Things continued to improve. The king summoned him to Newmarket, which allowed him to visit his father, sister and her family at Brampton on the way; he set off on 29 March and was in London again on 3 April, having called on Morelli on the return journey.42But not until the end of June did Pepys and Deane hear that the attorney-general, unable to muster a single credible witness against them, was giving up on the case. On 1 July Pepys wrote to Mrs Skinner announcing his ‘full discharge from the bondage I have, from one villain’s practice, so long lain under’, and thanking her and her family for their support throughout the year.43
With hindsight it is easy to think that Pepys had never been in danger of his life. But there were certainly those who expected him to lose his head, and there must have been moments when he was afraid. Other innocent men had after all gone to the scaffold. His work on his own defence distracted him from such fears and kept him almost as busy as usual. The result of these labours was never needed in court but remains a testimony to his cool courage under attack, his ability to think through tangled masses of evidence and impose order upon them, and his skill in deploying others to carry out his plans. It was a colossal task. It was also responsible for a colossal book, one that has never been printed and still sits in manuscript in the Pepys Library, leather bound and gilded, in two volumes of 1,338 pages and something like 400,000 words.44 The volumes make up one of the oddities of literature. They contain a collage of documents, letters, journals, verbatim statements and accounts of court proceedings. Some are in foreign languages, with translations provided; most are copies of originals made by Pepys’s clerks.45 Assembled, they bring us face to face with crooks and informers, men and women, victims and decent witnesses, allowing us to hear their words as they spoke them and to follow them on their travels. Colonel Scott, with his boasts, his fights, his swearing, his false names and disguises – now burnt-cork eyebrows, now a milliner’s dress – his selling of non-existent property, his desertion of his American wife, his preying on widows and their children, his composition of vile love poems, his claim to alchemical powers, his travels, his boasting of grand connections and his cowardice in battle, his court-martialling at Nevers and spreading of mischief wherever he travelled, in America, England, Holland and France, swells into a ludicrous but still alarming scoundrel. And however Pepys suffered from Scott’s accusations, he became fascinated by him – just how fascinated appears in the fact that he named the book he made after one of Scott’s fantasies.
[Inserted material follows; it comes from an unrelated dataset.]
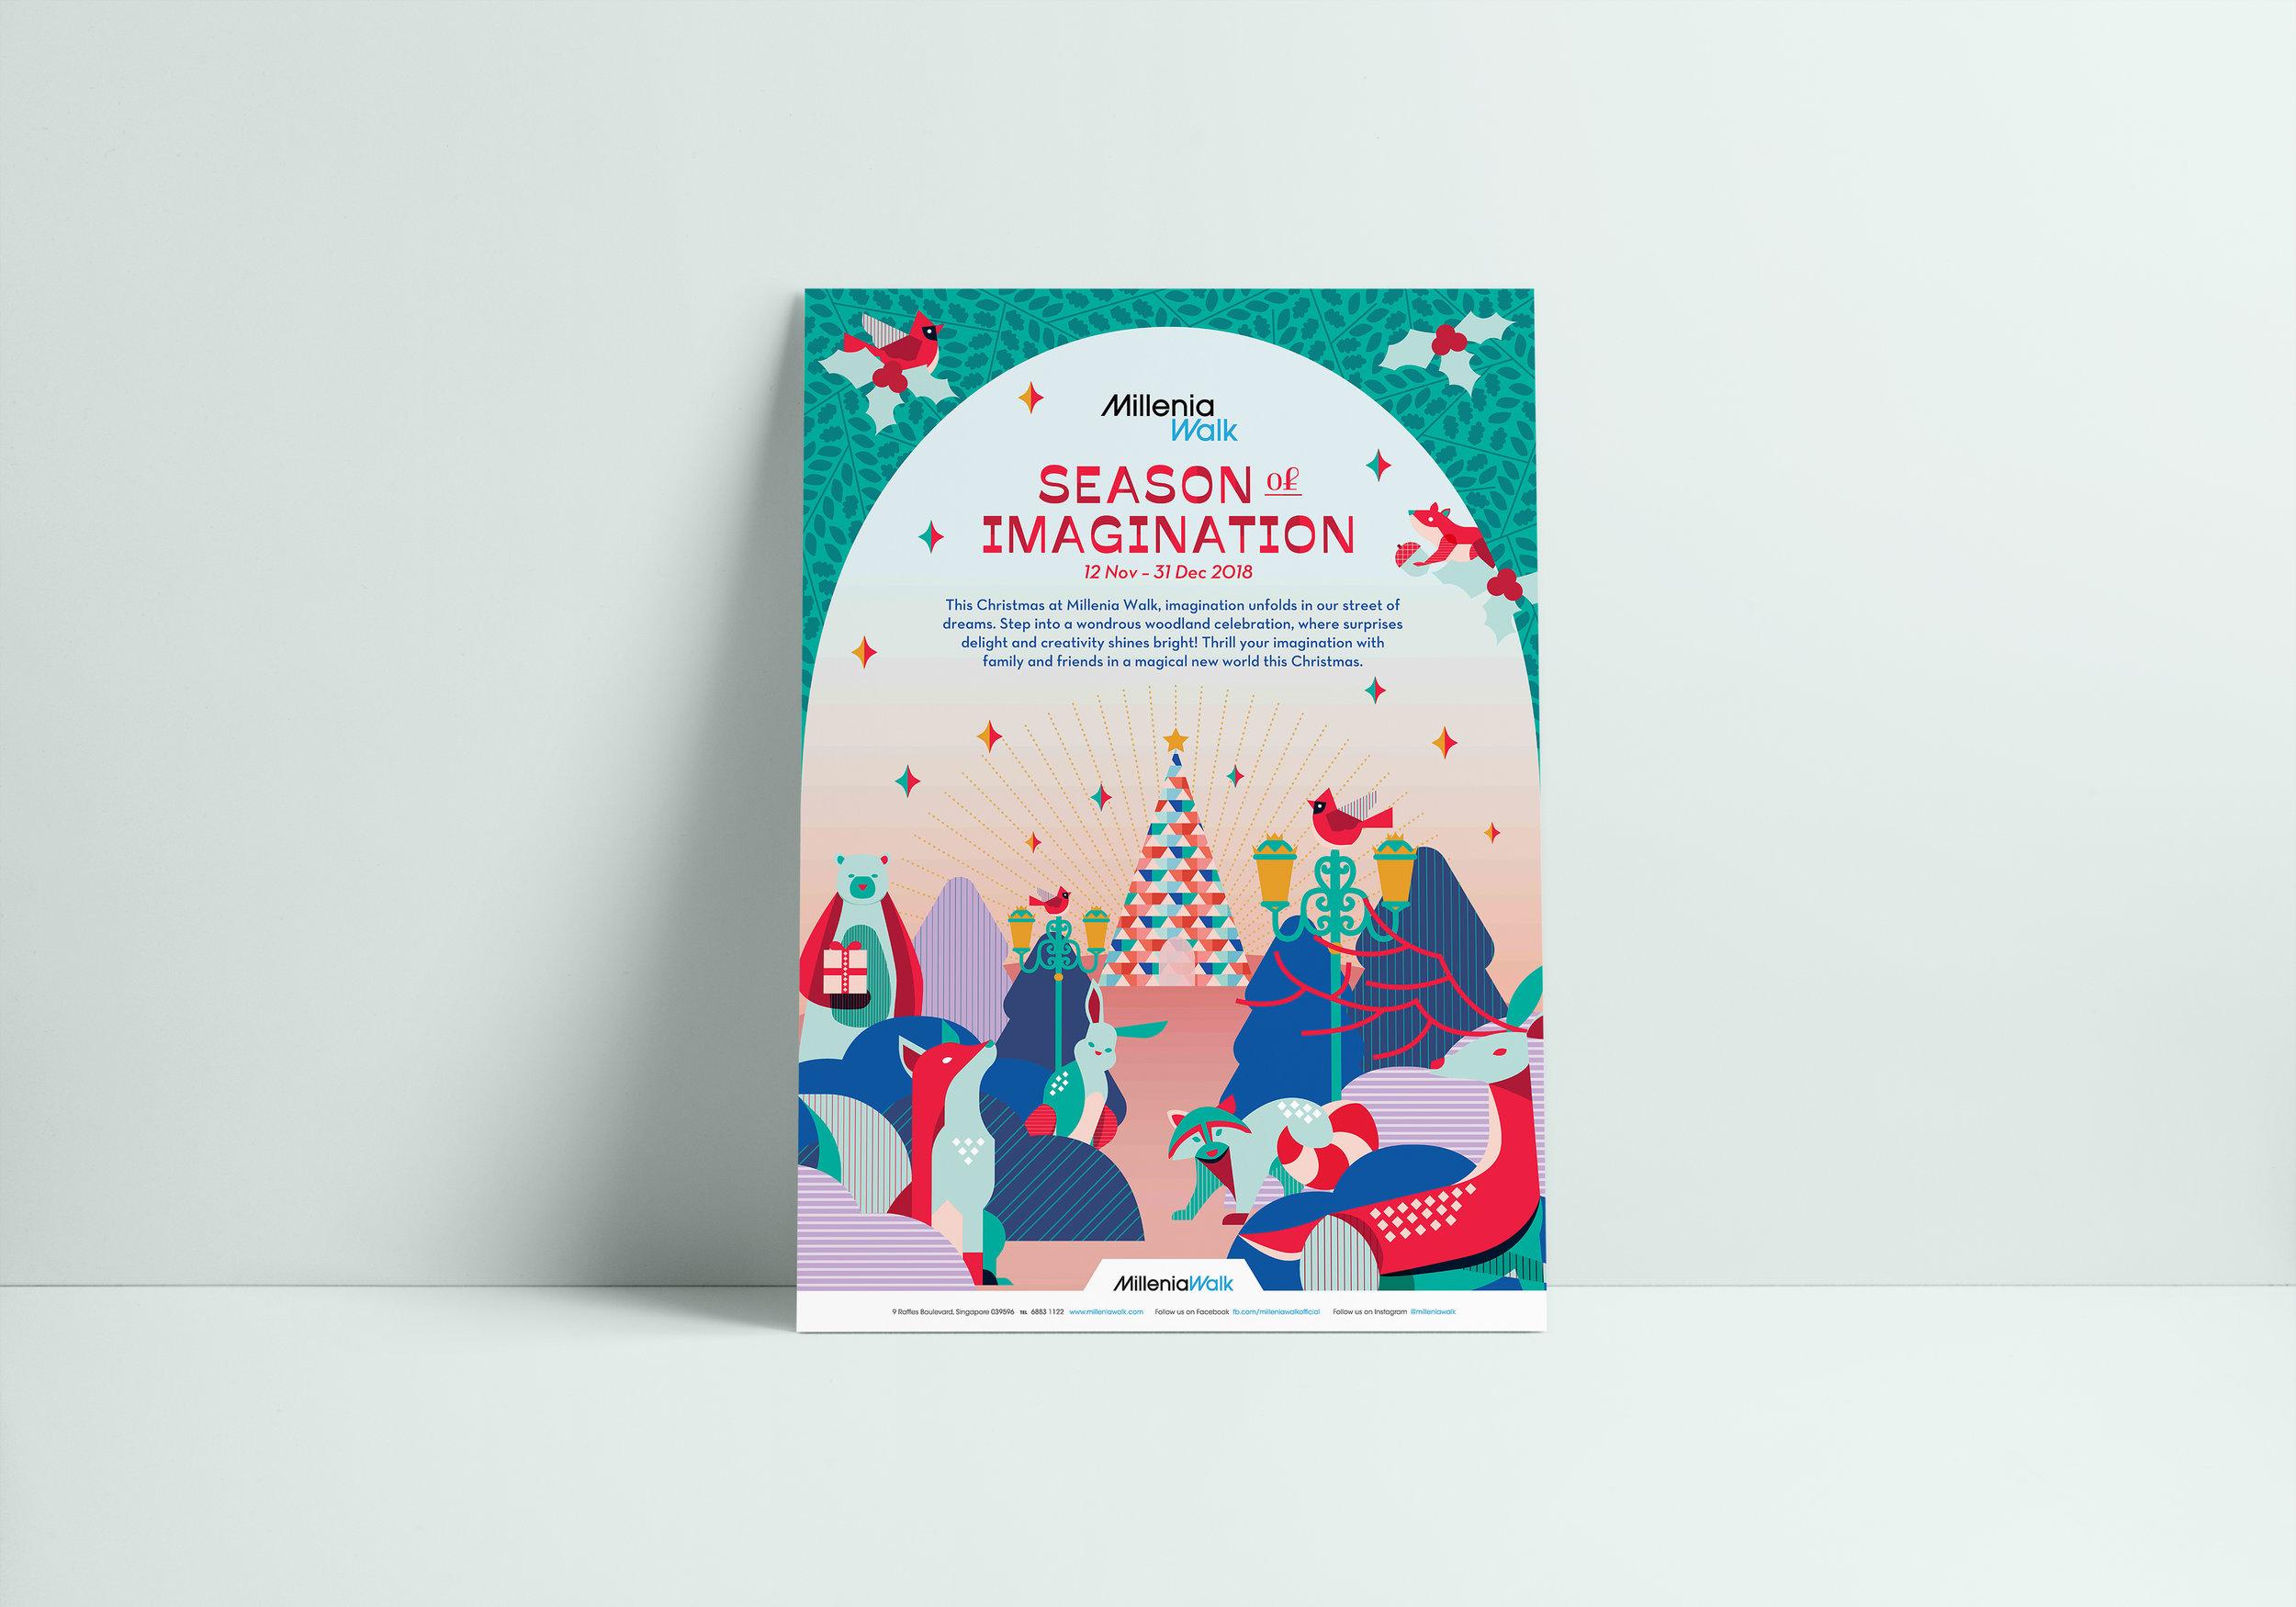 outeredit - millenia walk season of imagination - christmas key visual
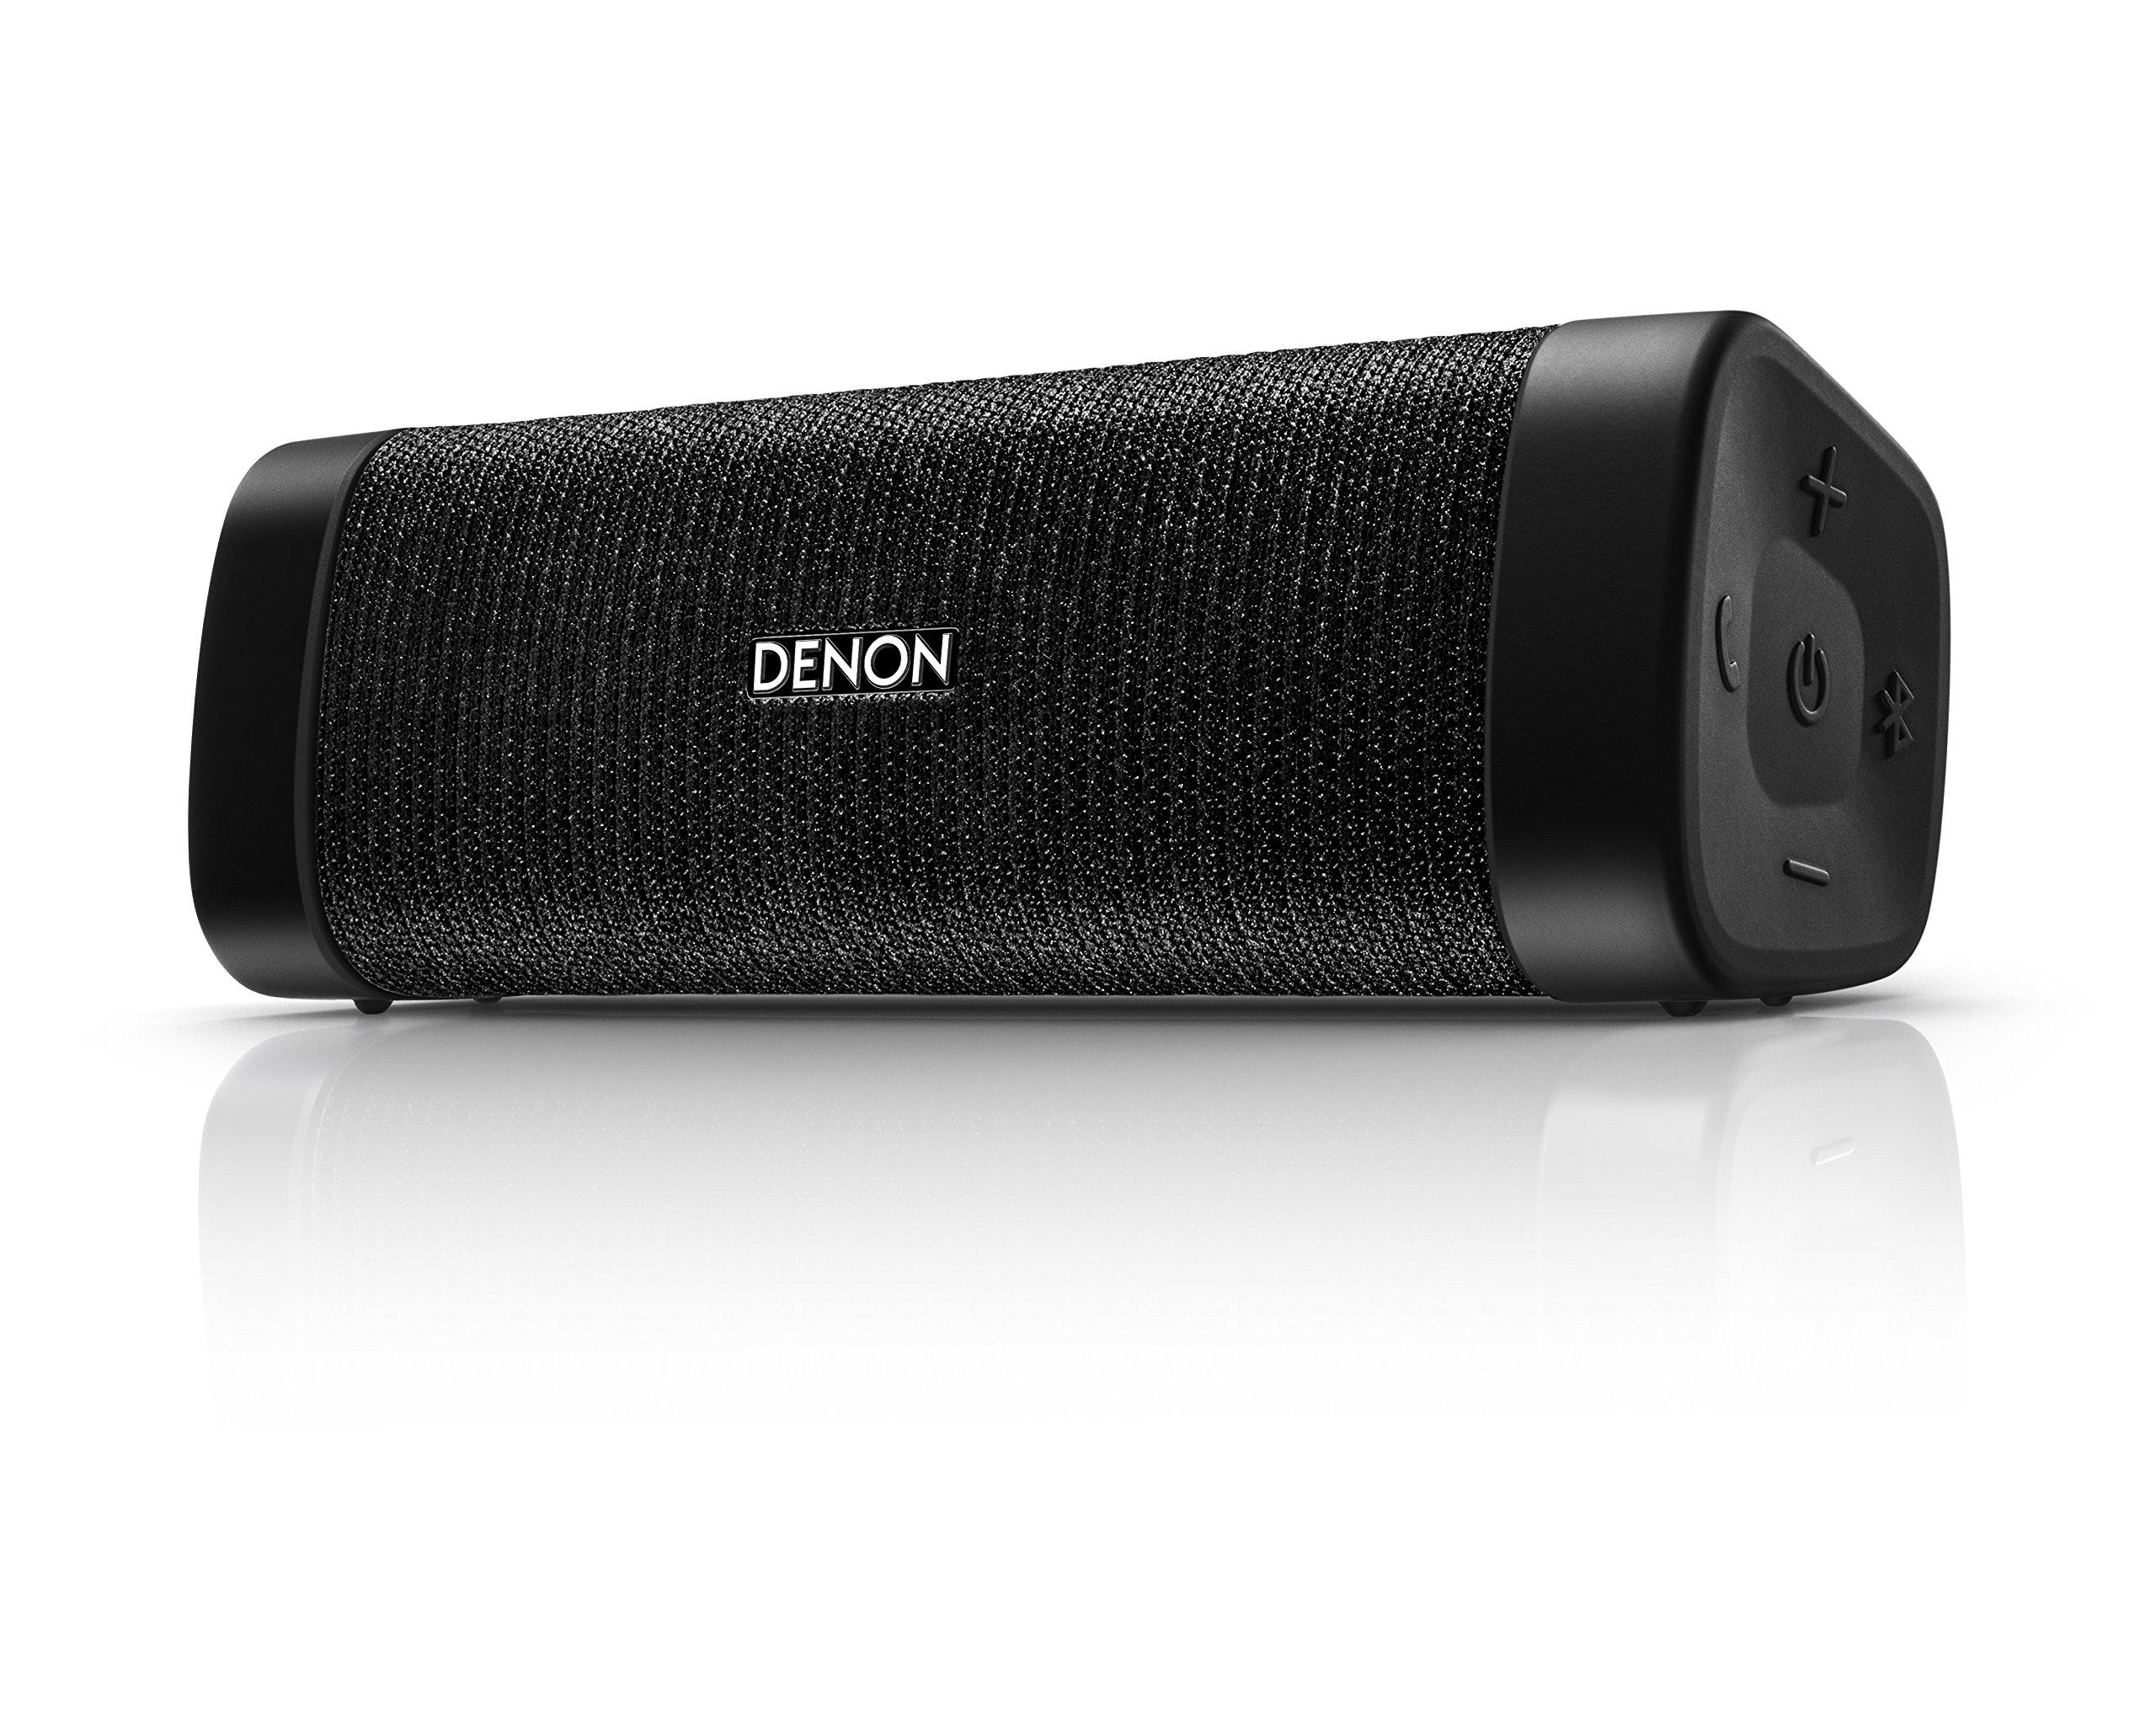 Denon DSB-50BT Envaya Pocket Portable Premium Bluetooth Speaker - Black

Among his extravagant lies, Scott laid claim to the ownership of an estate that he called Mornamont, and in France he was sometimes known as ‘Seigneur d’Ashford et de Mornamont’.46 In the real world there was no Mornamont, just as there was no case against Pepys; but the name, and Scott’s myth-making, appealed to him so much that he enshrined it in his work by naming the whole thing Mornamont – ‘my book of Mornamont’, he called it, or ‘my two volumes of Mornamont’. It was a title fit for a romance, and a reminder that the young Pepys who wrote ‘Love a Cheate’ had not been entirely swallowed up in the administrator. ‘Mornamont’ speaks of things Pepys understood very well, ambition, fantasy and the eternal human ache to get your hands on some money. It has all the raw materials for a novel by Defoe, and it is Pepys’s most surprising legacy.